String Deduplication in JEP192

Fri Feb 28 23:08:23 UTC 2014

Hello,

not sure what the proper process is, but I notice that Dalibor
retweeted a JEP link to JEP192 - String Deduplication in G1.

http://openjdk.java.net/jeps/192

The most obvious thing I noticed is, that the JEP goes into detail to
describe how a String object is constructed out of hashcode and char
array. But it somehow totally misses offset+count fields (substrings).

One can say, it is not the scope of the JEP to be so detailed, but then
the other details of the string object should be removed as well.

What I somewhat also miss is a detailed description how this is
integrated with the GC. I mean there are some interactions around the
topic of aging, dereferencing and atomic replacement, but most of the
JEP deals with functionality outside the GC.

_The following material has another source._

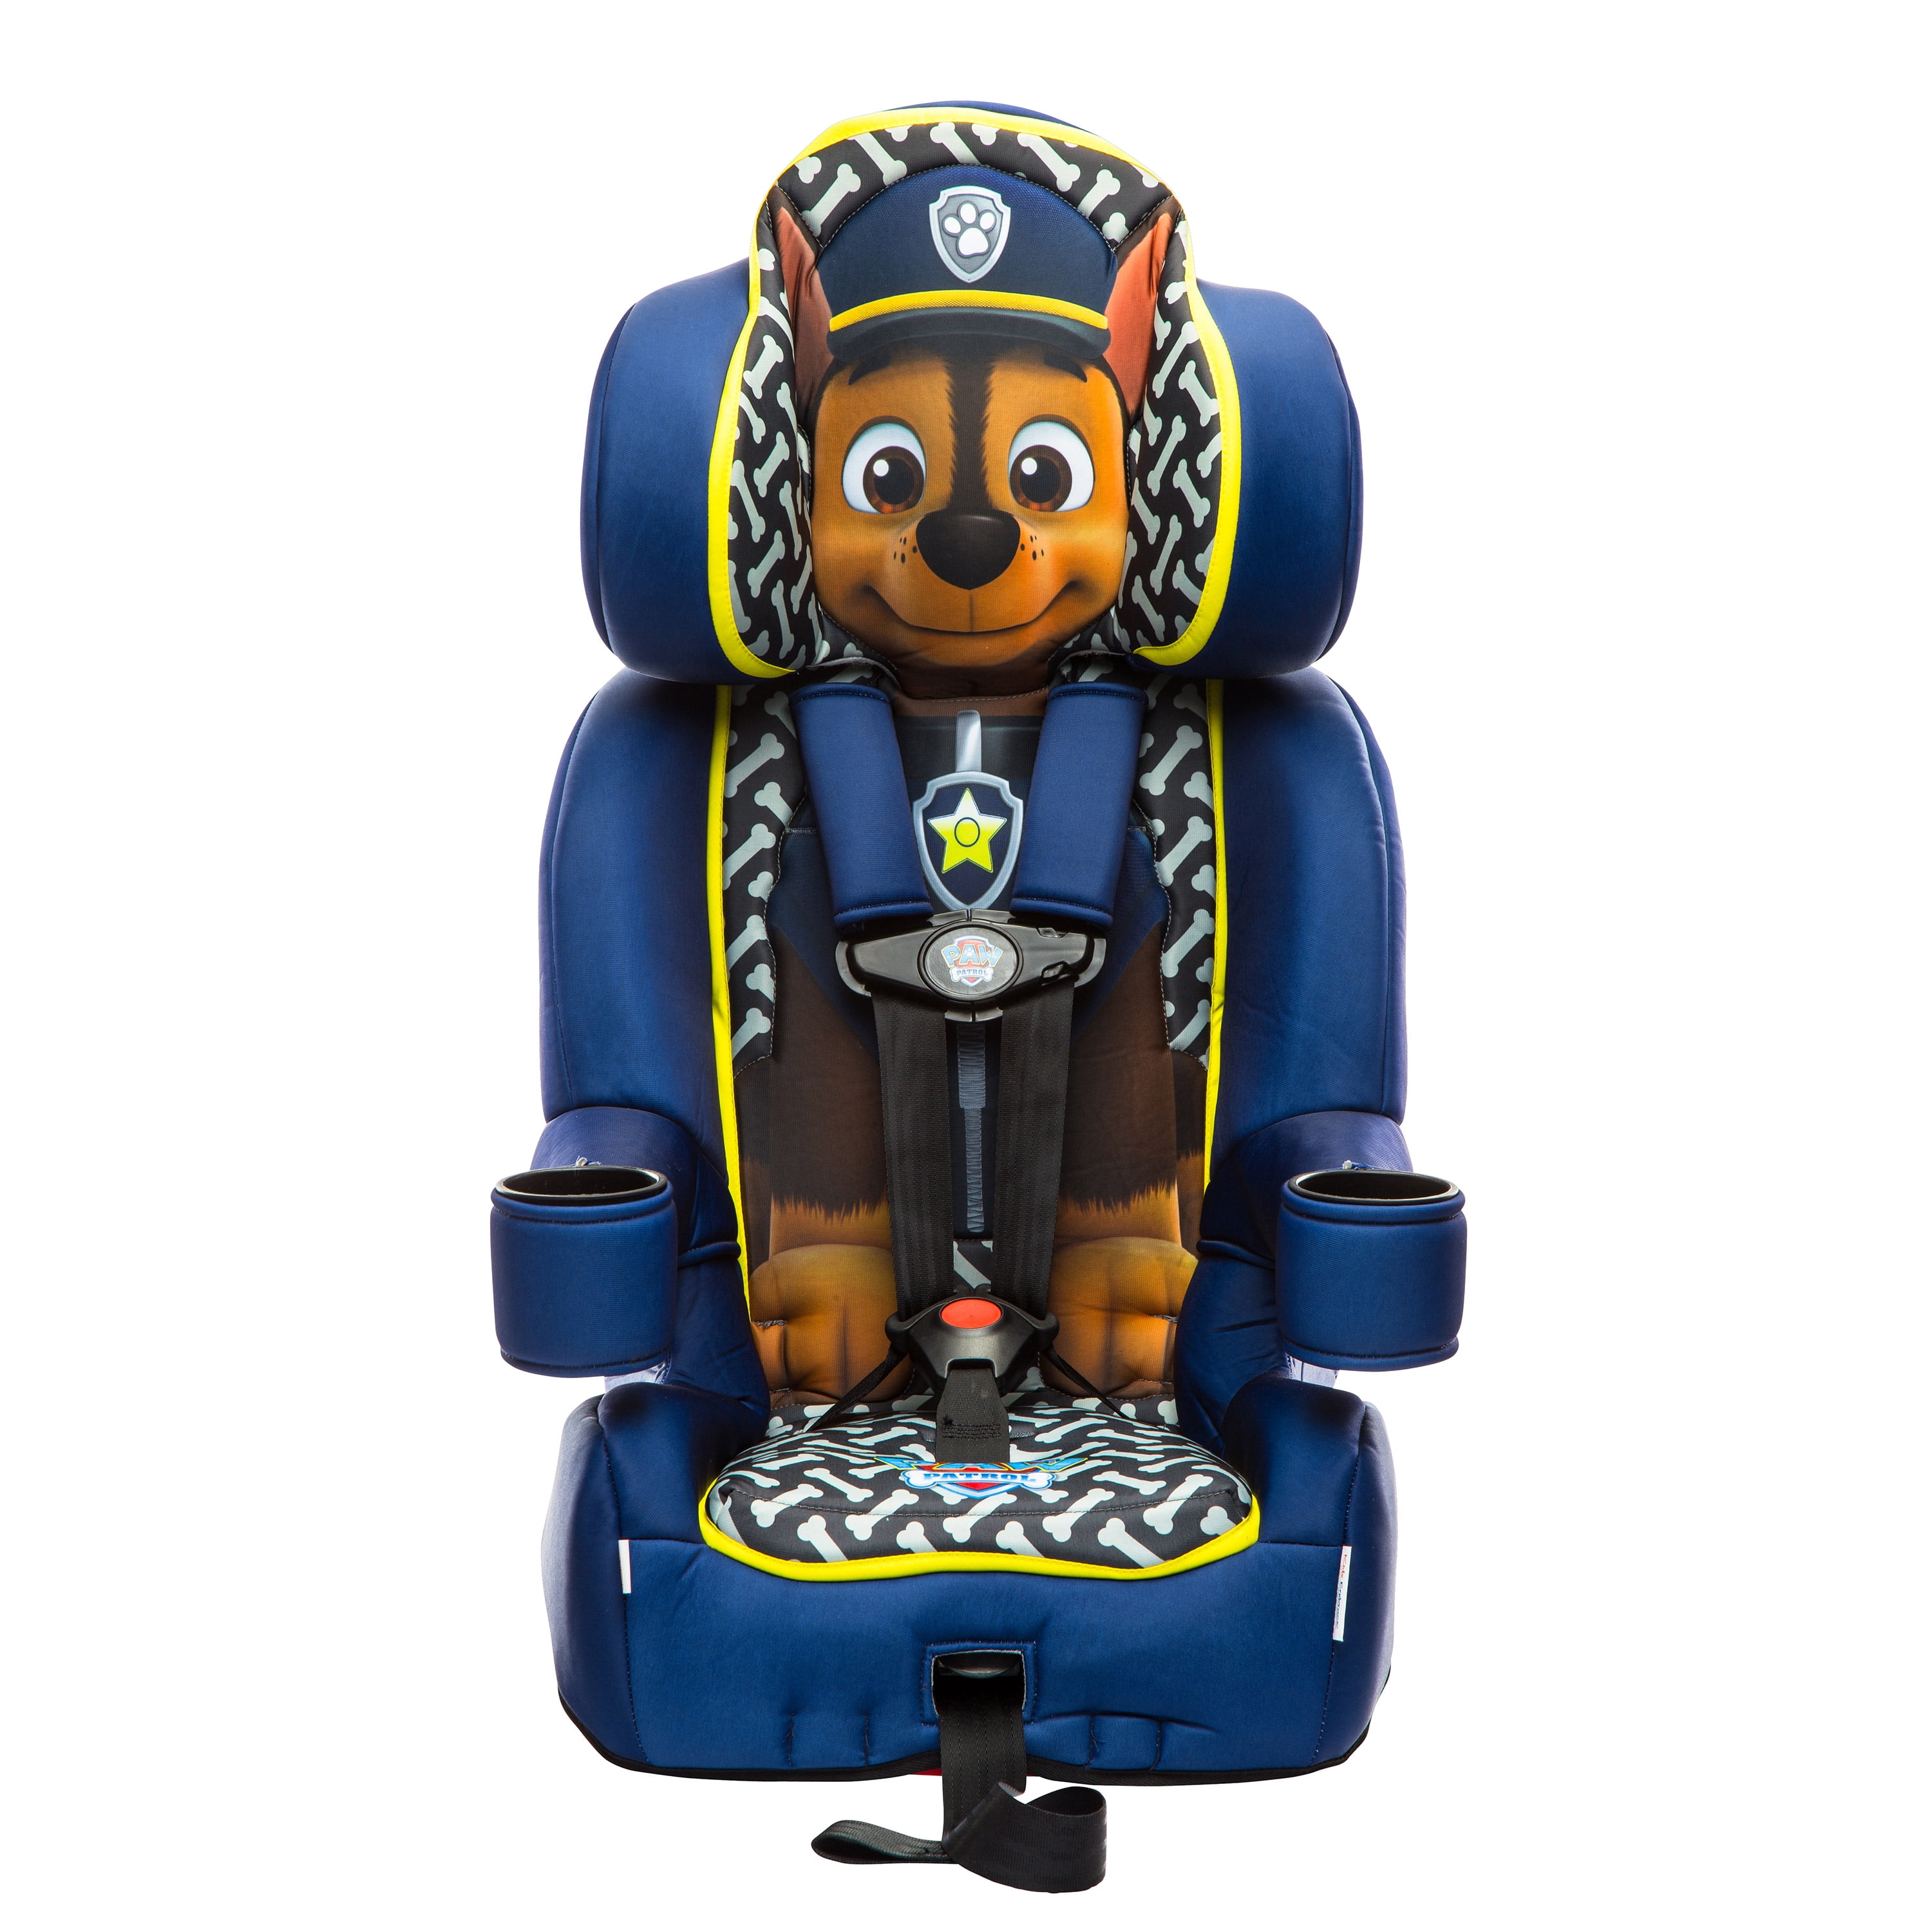 KidsEmbrace Booster Car Seat, Nickelodeon Paw Patrol Walmart.com

It looks a bit like it will suffer from similiar scalability problems
then the already existing string pool. Maybe it would be better to
re-design the string pool in a way it solves both problems with less
work for the GC phases. This could go so far to even have a (new)
string intern API which could be used by things like XML parsers or
network decoders - which are typically a source of lots of string
duplications in apps.

(And I am not sure if this should be so G1 specific, after all the
adoption rate of G1 is still lower than it could be)

Gruss
Bernd